In 1941 Ana was with a group that went to visit a leper colony about fifty miles away, on an island in the middle of Lake Chidengele. Their boat capsized in a storm on their return that evening and all were saved but one. In 1998 Missionary Douglas Perkins visited this leper colony which was now located at the side of the lake. When he asked if anyone remembered that visit back in 1941, a man whose fingers had worn down to stubs and whose nose was worn away came forward with a tattered old Bible. It had been given to him on that visit 57 years previously. This was verified by a name, signature and old yellowed picture in it.[5]

Ana Mathusse developed a serious heart condition and soon afterwards, in 1945, was badly injured when the bus in which she was travelling to eswatini overturned. She was reported to have died but was only unconscious; however she lost an arm. Her eldest twin daughter, Marta, died of tuberculosis. Her family and neighbors taunted her, saying that all of these accidents came from the anger of the ancestral spirits. She struggled much in prayer over this but God helped her to overcome it. She had schoolgirls help her carry water and grind maize for her.

The Lord has greatly used her through the years in revivals and women’s meetings.[6] Old Mother Ana Mathusse still lived at Tavane Mission in 1995, a glowing, Spirit-filled lady. In 1997 she was hospitalized in eswatini with a broken leg. During a visit later that year to Matsapha, eswatini, Rev. Paul Dayhoff went to take her photograph. Immediately upon hearing his name Ana began telling of the visit of his father, Rev. Irvin E. Dayhoff, to the Manjacaze area in the 1920s and how she remembered his preaching.

In 1998 Ana Mathusse was the last surviving Nazarene that came from the Methodist Mission in Gazaland. She passed away to her reward during Easter week in 2000.

Paul S. Dayhoff


Notes:

  1. Vicente Mbanze, letter (13 April 1995).

  2. V. Mbanze, “Buku ya nkhuvo wa 50 wa malembe ya Kereke ya Munazarene ka Gaza ni Tete” (50th Anniversary of the Church of the Nazarene in Gazaland and Tete), (Tavane Mission, 1972), 29; Ana Mboweni, letter to Mutwalisi (Manjacaze, 11 April 1929).

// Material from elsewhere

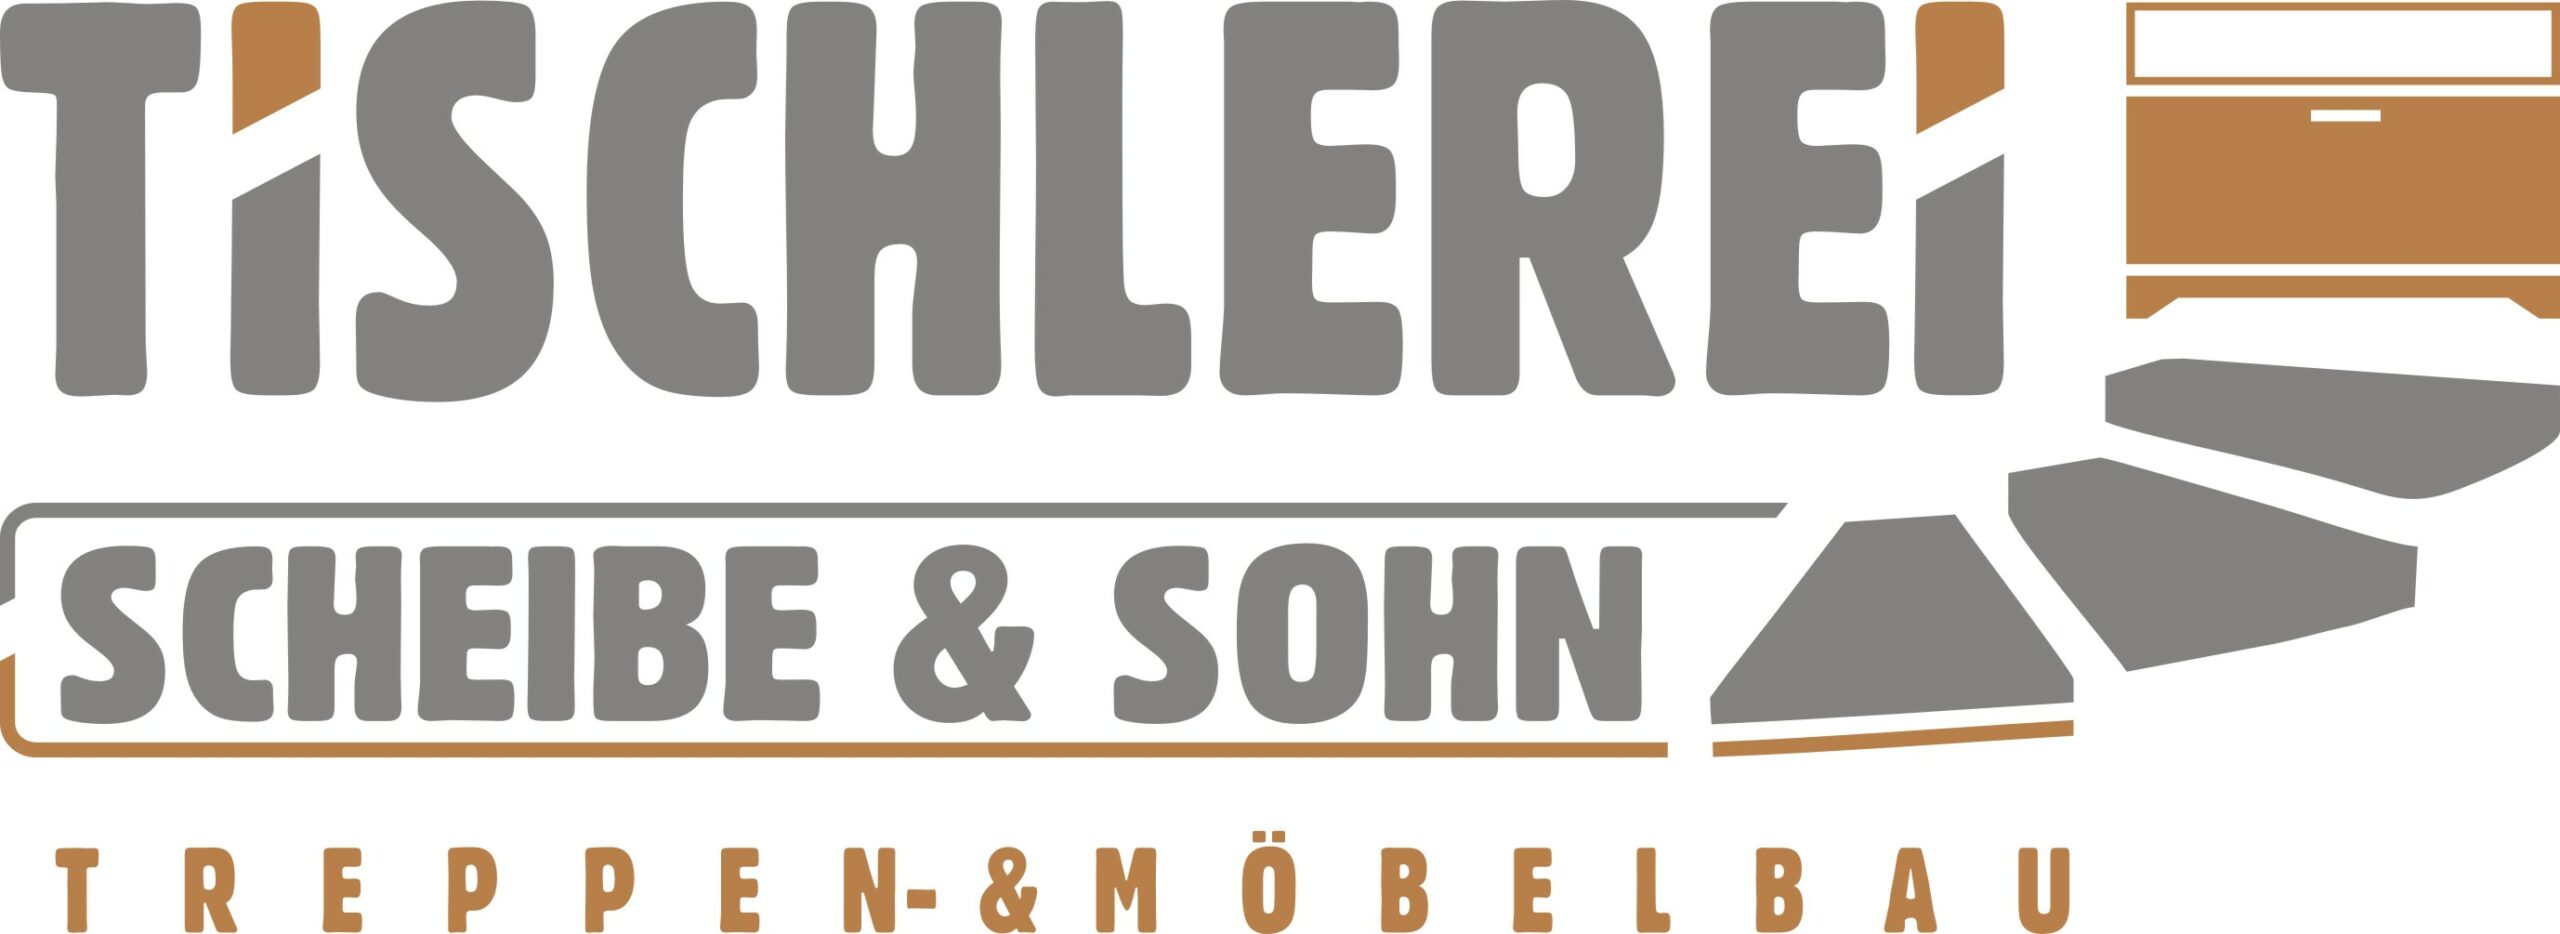 Tischlerei Scheibe & Sohn

  3. C. S. Jenkins, “Those Women…”, The Other Sheep (Kansas City, Missouri: Nazarene Publishing House, February 1954), 5-6.

  4. Amy N. Hinshaw, Native Torch Bearers, (Kansas City, MO: Nazarene Publishing House, 1934), 129-132.

  5. Doug and Elaine Perkins, e-mail message (13 February 1999).

  6. Oscar and Marjorie Stockwell, The Tribe of God: A Collection of Stories from African Christians, (Kansas City, MO: Nazarene Publishing House, 1989), 59.